For a 100-person company, spending one-fifth less saves $4,000 a year. Fewer work days also mean less frequent janitorial services. For a business that pays $4,000 a month for nightly office cleaning, eliminating a weekday saves $9,600 a year.
Employee Perks at a Lower Scale
Savings on a four-day week can add up when you calculate the daily perks many businesses offer their employees. In general, the more lavish the perks, the greater the financial impact of cutting a day out of the week.
Take commuter benefits, for example. Suppose a 100-person company provides $200 a month to help cover the cost of employee parking or public transportation. Cutting that perk by one-fifth saves $48,000 a year. The savings would be even greater if the company operates a shuttle or transportation service. Same goes for child care, whether on-site or a stipend.
On-premises food budgets are typically $15-20 per team member per meal. Depending on your company size, dropping one day of catered lunches each week will save you thousands — if not tens of thousands — each month. If the company operates a service that includes employees, like a food court or cafeteria, cutting a day out of the week additionally allows the employees who work there to stay home.
Small perks, meanwhile, like a daily coffee allowance or a stocked snack room, would stretch further. In addition to saving 20% on daily workplace perks, a company switching to a four-day week could easily justify eliminating a costly benefit wholesale in exchange for the new policy.
The schedule is popular enough with employees that the free lunch, or the commuter benefit, or maybe even the child care, would pale in comparison to a permanent three-day weekend.
Less Inflated Salaries
One hidden area of cost reduction is the salary that a four-day company doesn’t have to offer top talent. Sure, there is the option to actually reduce employee salaries.
Amazon tested this idea in 2016, when they offered a select group of employees the chance to work 30 hours a week for the same benefits and 75% of their salary. The experiment’s results were never published.

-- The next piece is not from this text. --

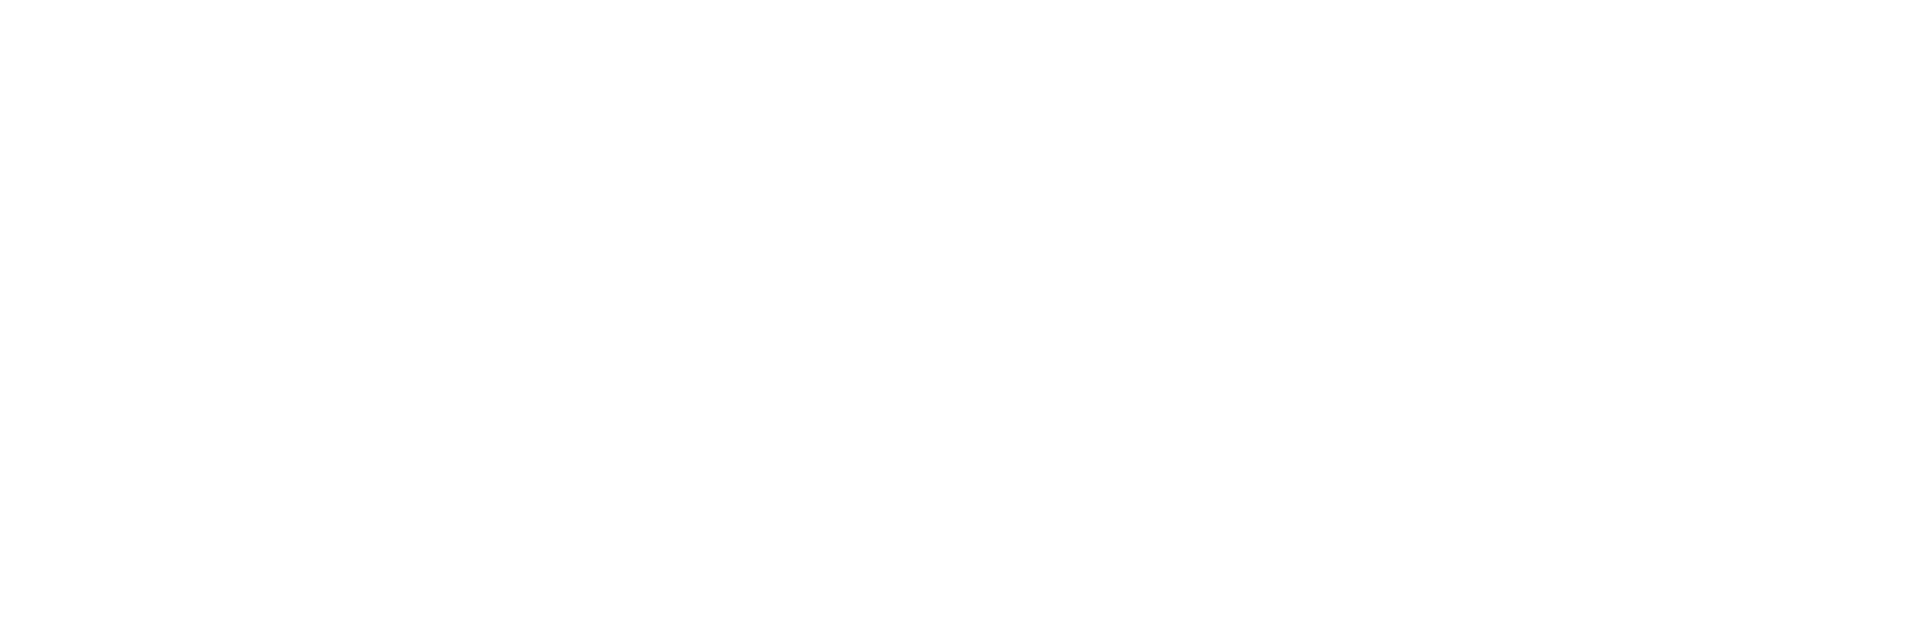 XAVVE Mediação Imobiliária

But even without docking pay, a company that demonstrates extreme commitment to a favorable work-life balance can expect to pay less of a premium to attract highly sought employees than one that doesn’t. Becoming “an employer of choice” was explicitly one of Utah’s goals when it embraced the policy in 2008.
Basecamp CEO Jason Fried—a huge proponent—swears that the morale boost from four day weeks is one of the most important reasons his company lands talented people.

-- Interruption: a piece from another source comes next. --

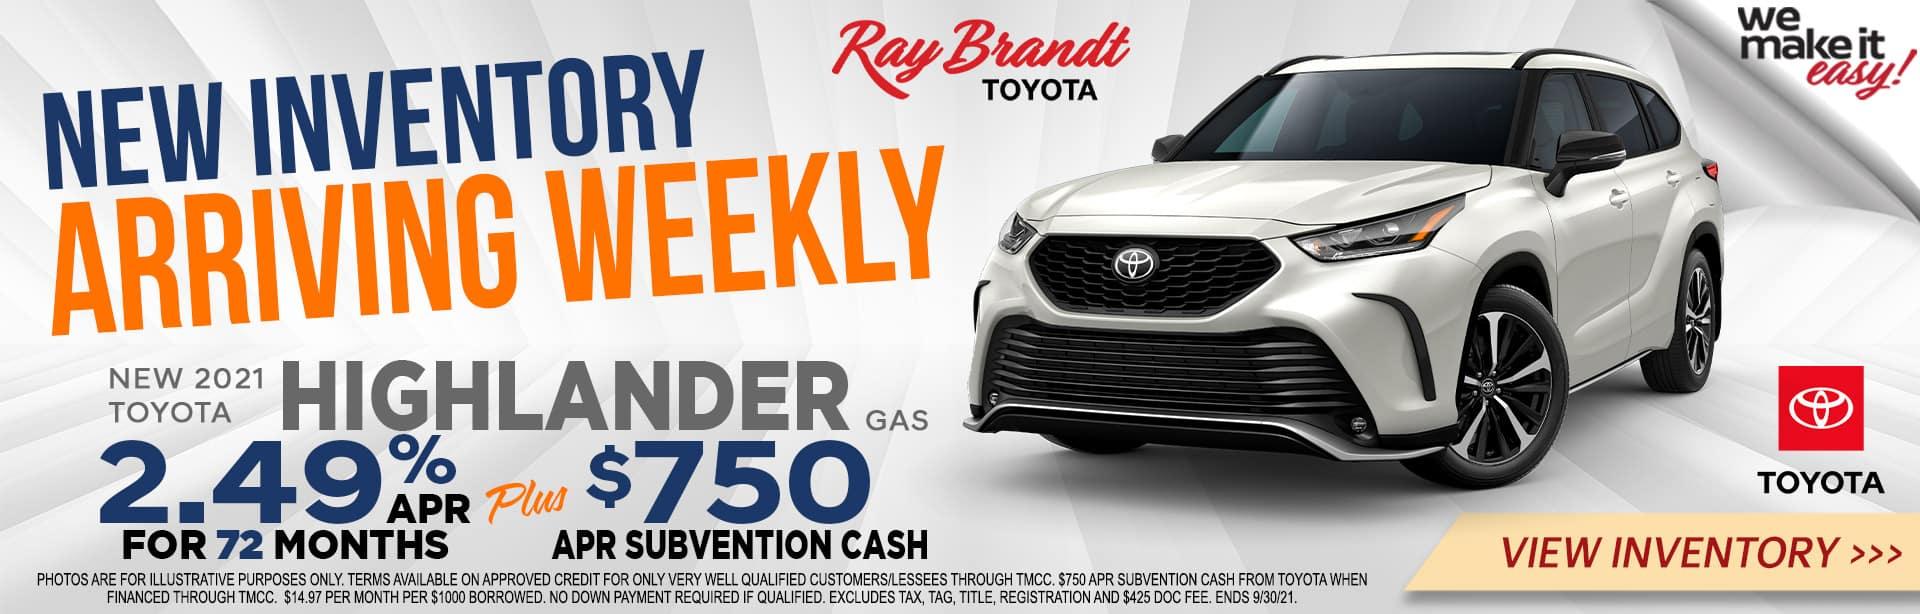 750 Customer Cash on Toyota Highlander

Finally, the freedom of a four-day week is especially appealing to one very important worker demographic: New mothers. According to Perpetual Guardian CEO Andrew Barnes, when a working mother normally negotiates a day off, “she gets paid 20% less.” Instituting the policy across the board corrects for that, and rightly aligns focus. “This is about productivity,” he said. “Negotiate on productivity. Hours are irrelevant.”
The Employee-Free Future of Work
The four-day week is part of a larger surge in non-traditional employee arrangements. Regularly working from home has increased 173% since 2005, and around half of the US workforce has a job that can support it.
By 2028, it’s estimated that over 70% of all departments will have remote workers. But telepresence is ultimately another form of presenteeism. It doesn’t address the deeper claim made by four-day zealots: that the nature of work is fundamentally changing, and the tasks we need to accomplish simply take less time.
Eventually, they say, we’ll be in a position in which human labor is needed for vanishingly few roles. However you feel about that prediction, we’re still a long way from the end of the traditional five-day work week. Even though it’s only around a century old, the Monday-Friday system has proven to be a resilient blend of labor and leisure.
Until it’s conclusively shown that the marginal return on the fifth day of work is less than the cost savings of shutting down a workplace, the four-day schedule will remain the provenance of companies that prioritize pampered working conditions above all else.